TASK GOAL: Would you restate the entries below word for word, starting at the first line and ending with the one that has "Uboard Basic Tempered"?

_____

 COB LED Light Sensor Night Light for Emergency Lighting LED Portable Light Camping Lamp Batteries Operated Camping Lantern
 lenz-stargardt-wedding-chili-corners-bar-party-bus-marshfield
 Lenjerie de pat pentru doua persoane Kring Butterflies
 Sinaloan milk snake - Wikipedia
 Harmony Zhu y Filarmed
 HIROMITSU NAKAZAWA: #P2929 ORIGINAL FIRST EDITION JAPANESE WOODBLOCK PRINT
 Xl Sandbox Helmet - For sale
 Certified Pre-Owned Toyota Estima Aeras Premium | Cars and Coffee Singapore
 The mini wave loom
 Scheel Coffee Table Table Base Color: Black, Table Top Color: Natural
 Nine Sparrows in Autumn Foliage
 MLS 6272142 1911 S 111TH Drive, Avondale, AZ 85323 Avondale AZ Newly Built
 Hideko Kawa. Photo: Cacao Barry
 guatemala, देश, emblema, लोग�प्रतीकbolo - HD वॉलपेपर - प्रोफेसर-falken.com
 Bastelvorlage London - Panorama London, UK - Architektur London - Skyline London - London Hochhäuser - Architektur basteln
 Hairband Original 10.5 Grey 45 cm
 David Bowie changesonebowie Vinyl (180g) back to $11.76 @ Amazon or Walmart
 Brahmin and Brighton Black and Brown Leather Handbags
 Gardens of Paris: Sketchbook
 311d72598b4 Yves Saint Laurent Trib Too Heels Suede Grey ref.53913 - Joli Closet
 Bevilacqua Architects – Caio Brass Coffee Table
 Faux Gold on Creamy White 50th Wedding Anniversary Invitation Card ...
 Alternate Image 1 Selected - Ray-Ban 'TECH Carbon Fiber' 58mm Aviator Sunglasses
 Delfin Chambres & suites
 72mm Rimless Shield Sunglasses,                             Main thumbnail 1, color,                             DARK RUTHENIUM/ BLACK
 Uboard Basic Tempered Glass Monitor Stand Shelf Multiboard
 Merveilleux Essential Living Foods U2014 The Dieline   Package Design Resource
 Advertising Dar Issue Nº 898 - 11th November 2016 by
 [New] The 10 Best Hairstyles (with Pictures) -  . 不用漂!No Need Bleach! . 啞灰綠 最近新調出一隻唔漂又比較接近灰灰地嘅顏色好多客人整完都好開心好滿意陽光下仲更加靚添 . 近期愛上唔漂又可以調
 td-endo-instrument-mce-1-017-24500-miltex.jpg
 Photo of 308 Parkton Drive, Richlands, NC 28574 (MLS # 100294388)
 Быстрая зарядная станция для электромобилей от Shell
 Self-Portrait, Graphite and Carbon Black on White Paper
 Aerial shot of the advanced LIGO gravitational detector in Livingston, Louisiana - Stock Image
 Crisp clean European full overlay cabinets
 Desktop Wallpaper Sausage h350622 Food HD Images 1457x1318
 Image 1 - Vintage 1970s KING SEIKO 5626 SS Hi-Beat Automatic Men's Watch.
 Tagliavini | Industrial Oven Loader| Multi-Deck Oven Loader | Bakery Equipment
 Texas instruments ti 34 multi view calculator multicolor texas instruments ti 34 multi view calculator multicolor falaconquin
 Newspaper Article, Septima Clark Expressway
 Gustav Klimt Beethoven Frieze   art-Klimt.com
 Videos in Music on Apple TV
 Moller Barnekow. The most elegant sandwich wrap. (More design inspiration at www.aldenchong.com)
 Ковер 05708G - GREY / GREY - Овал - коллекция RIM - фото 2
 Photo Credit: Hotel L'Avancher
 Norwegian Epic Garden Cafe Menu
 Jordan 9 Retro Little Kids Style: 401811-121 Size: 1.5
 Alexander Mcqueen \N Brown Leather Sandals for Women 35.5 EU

_____

EXERCISE OUTPUT:
 COB LED Light Sensor Night Light for Emergency Lighting LED Portable Light Camping Lamp Batteries Operated Camping Lantern
 lenz-stargardt-wedding-chili-corners-bar-party-bus-marshfield
 Lenjerie de pat pentru doua persoane Kring Butterflies
 Sinaloan milk snake - Wikipedia
 Harmony Zhu y Filarmed
 HIROMITSU NAKAZAWA: #P2929 ORIGINAL FIRST EDITION JAPANESE WOODBLOCK PRINT
 Xl Sandbox Helmet - For sale
 Certified Pre-Owned Toyota Estima Aeras Premium | Cars and Coffee Singapore
 The mini wave loom
 Scheel Coffee Table Table Base Color: Black, Table Top Color: Natural
 Nine Sparrows in Autumn Foliage
 MLS 6272142 1911 S 111TH Drive, Avondale, AZ 85323 Avondale AZ Newly Built
 Hideko Kawa. Photo: Cacao Barry
 guatemala, देश, emblema, लोग�प्रतीकbolo - HD वॉलपेपर - प्रोफेसर-falken.com
 Bastelvorlage London - Panorama London, UK - Architektur London - Skyline London - London Hochhäuser - Architektur basteln
 Hairband Original 10.5 Grey 45 cm
 David Bowie changesonebowie Vinyl (180g) back to $11.76 @ Amazon or Walmart
 Brahmin and Brighton Black and Brown Leather Handbags
 Gardens of Paris: Sketchbook
 311d72598b4 Yves Saint Laurent Trib Too Heels Suede Grey ref.53913 - Joli Closet
 Bevilacqua Architects – Caio Brass Coffee Table
 Faux Gold on Creamy White 50th Wedding Anniversary Invitation Card ...
 Alternate Image 1 Selected - Ray-Ban 'TECH Carbon Fiber' 58mm Aviator Sunglasses
 Delfin Chambres & suites
 72mm Rimless Shield Sunglasses,                             Main thumbnail 1, color,                             DARK RUTHENIUM/ BLACK
 Uboard Basic Tempered Glass Monitor Stand Shelf Multiboard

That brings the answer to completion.